Para milhares de brasileiros em detenção migratória nos EUA — e para as famílias que acompanham os casos de fora — o OIDO funcionava como canal independente para registrar maus-tratos, falta de acesso a advogado e condições insalubres. Sem esse canal, denúncias passam a depender de outras instâncias do próprio DHS.
O Office of the Immigration Detention Ombudsman (OIDO) — em português, Ouvidoria da Detenção de Imigrantes — foi oficialmente encerrado pelo governo Trump, segundo confirmação do Departamento de Segurança Interna (DHS) divulgada nesta semana.
Criado pelo Congresso em 2019, o OIDO funcionava como ouvidoria independente dentro do DHS para receber e investigar reclamações sobre condições de centros de detenção operados pelo ICE e por contratadas privadas. Era porta de entrada para denúncias de maus-tratos, atendimento médico negado, isolamento prolongado e falta de acesso a representação legal.
Em nota oficial, o DHS afirma que "outras repartições continuarão recebendo reclamações" — citando especificamente o Office for Civil Rights and Civil Liberties (CRCL) e o Office of Inspector General (OIG). Defensores dos direitos dos imigrantes ouvidos pela imprensa americana argumentam, porém, que essas duas instâncias não têm o mesmo alcance e independência do OIDO.
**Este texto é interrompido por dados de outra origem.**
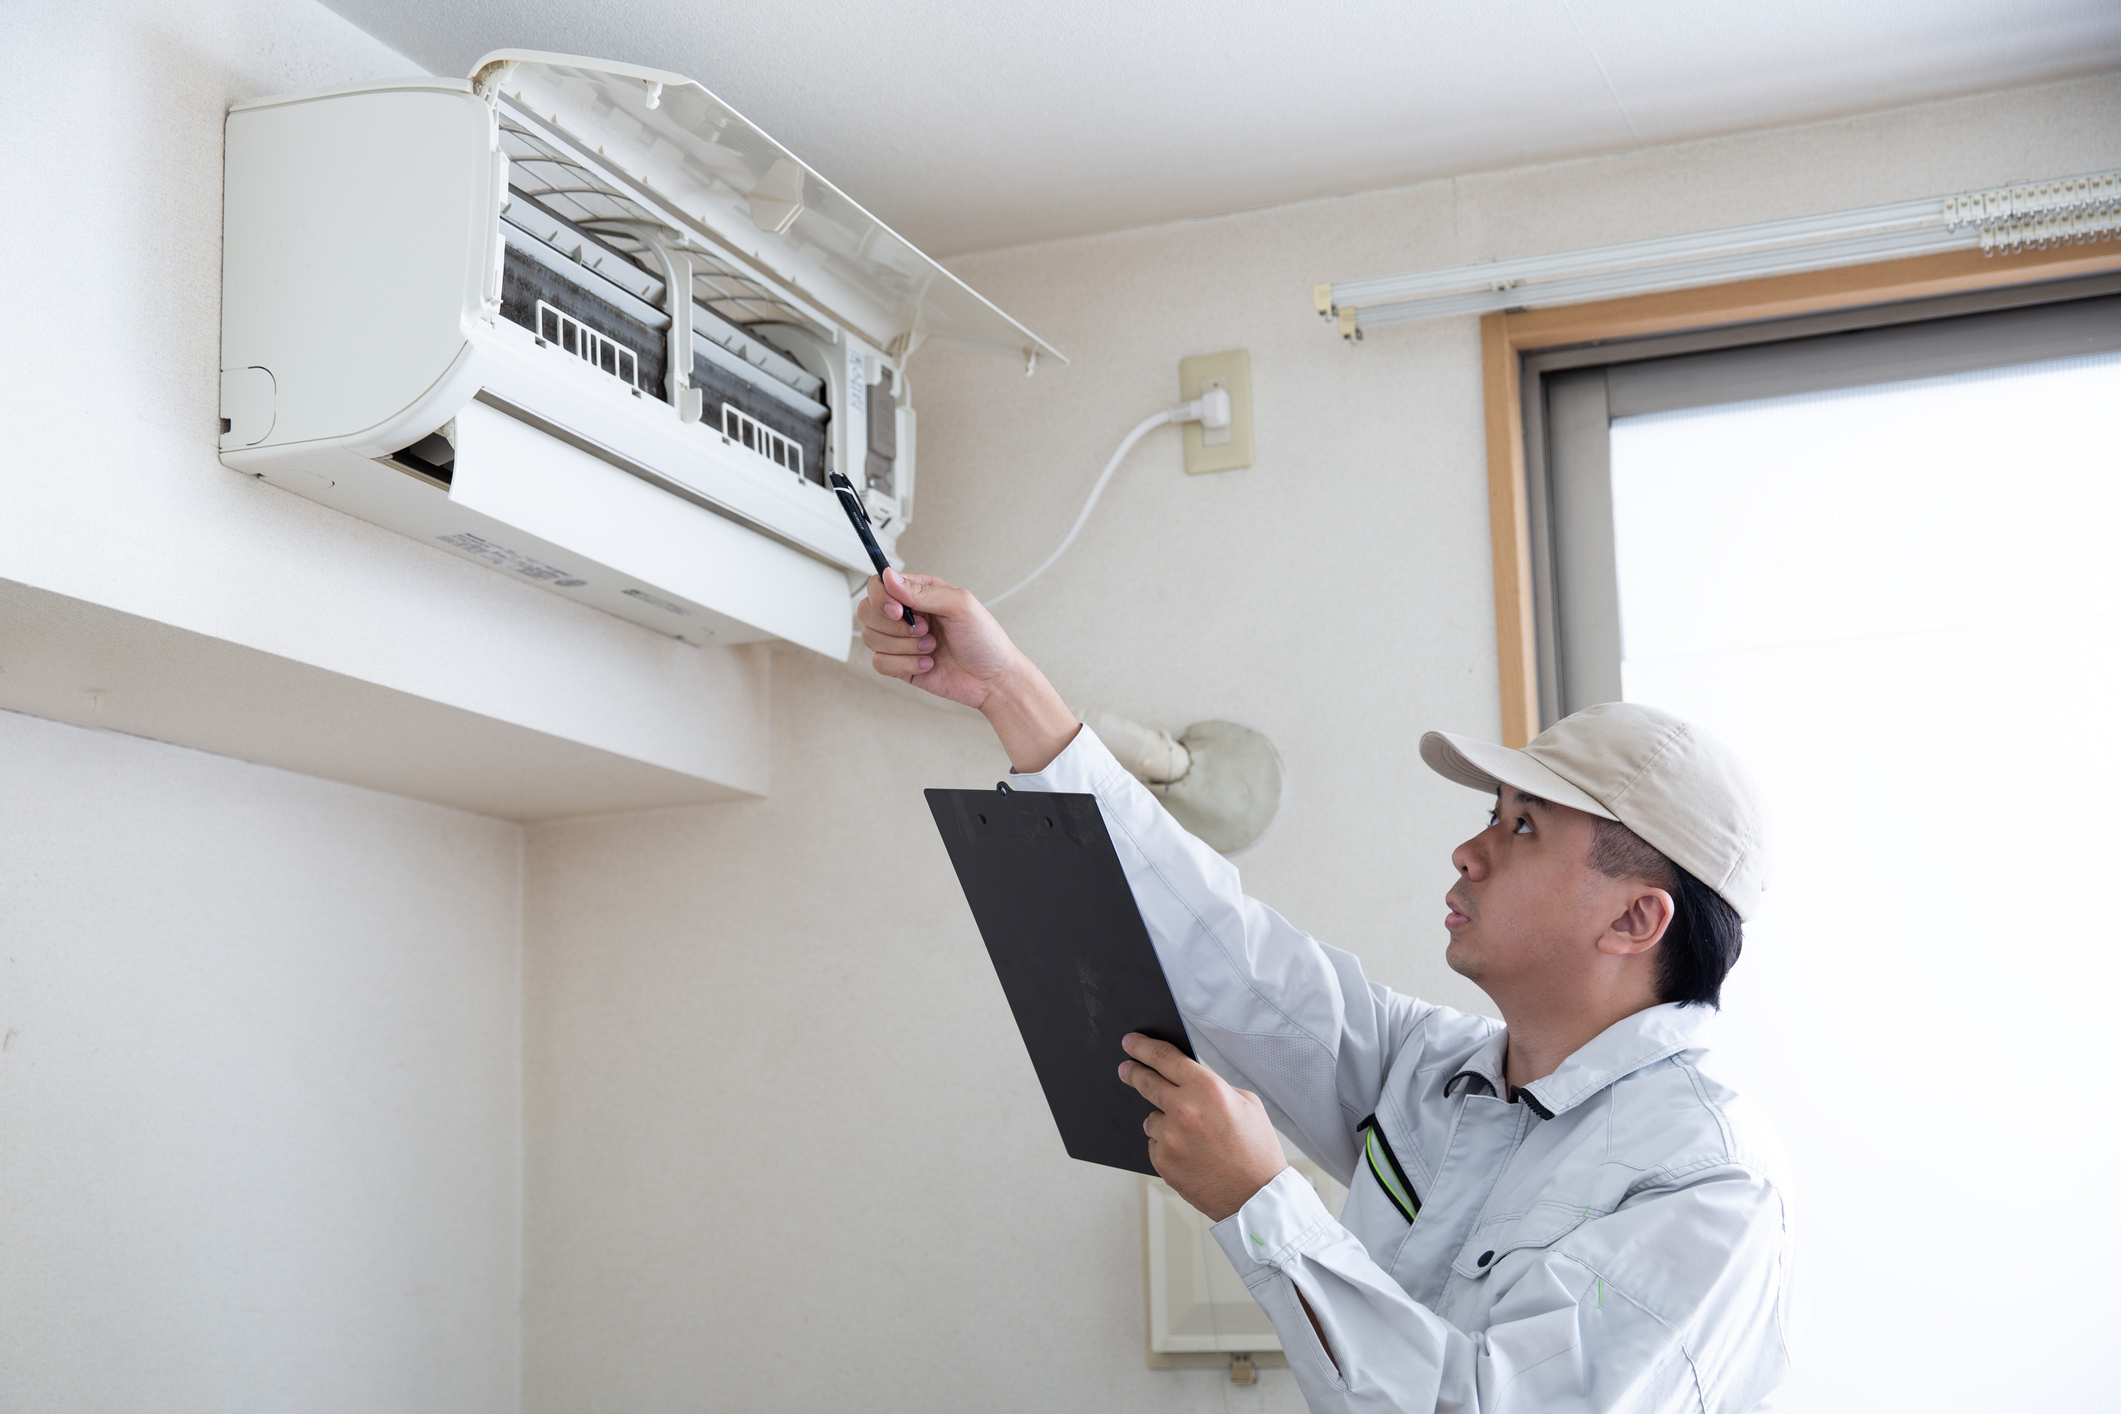 AC tune-up services

Por que a diferença importa. A CRCL trata de violações de direitos civis, e o OIG investiga conduta de servidores federais — escopos específicos. Já o OIDO tinha mandato amplo para inspecionar condições de detenção de forma rotineira, com poder de fazer recomendações vinculantes e publicar relatórios anuais com dados consolidados sobre todas as instalações.
Para a comunidade brasileira nos EUA, o impacto direto está em três frentes:
- Família no Brasil de detido em centro nos EUA perde um canal centralizado para registrar preocupações sobre o ente querido.
- Advogados de imigração que usavam o OIDO para escalar casos com prazo apertado (visita médica negada, transferência sem aviso) terão de canalizar denúncias por vias mais lentas.
- Coletivos comunitários em Boston, Newark, Miami e Atlanta que faziam acompanhamento sistemático perdem fonte regular de dados públicos.
Organizações como a AILA (Associação Americana dos Advogados de Imigração) e a ACLU já anunciaram que vão contestar o encerramento junto ao Congresso, argumentando que o OIDO foi criado por lei e não pode ser extinto apenas por decisão administrativa. Ações judiciais devem ser apresentadas nas próximas semanas.
O que fazer agora. Quem precisa registrar denúncia sobre condições de detenção pode acionar: (1) o Office for Civil Rights and Civil Liberties do DHS pelo formulário online; (2) o Office of Inspector General via canal de hotline; (3) o consulado brasileiro mais próximo, que pode encaminhar denúncias por via diplomática quando há cidadão brasileiro envolvido.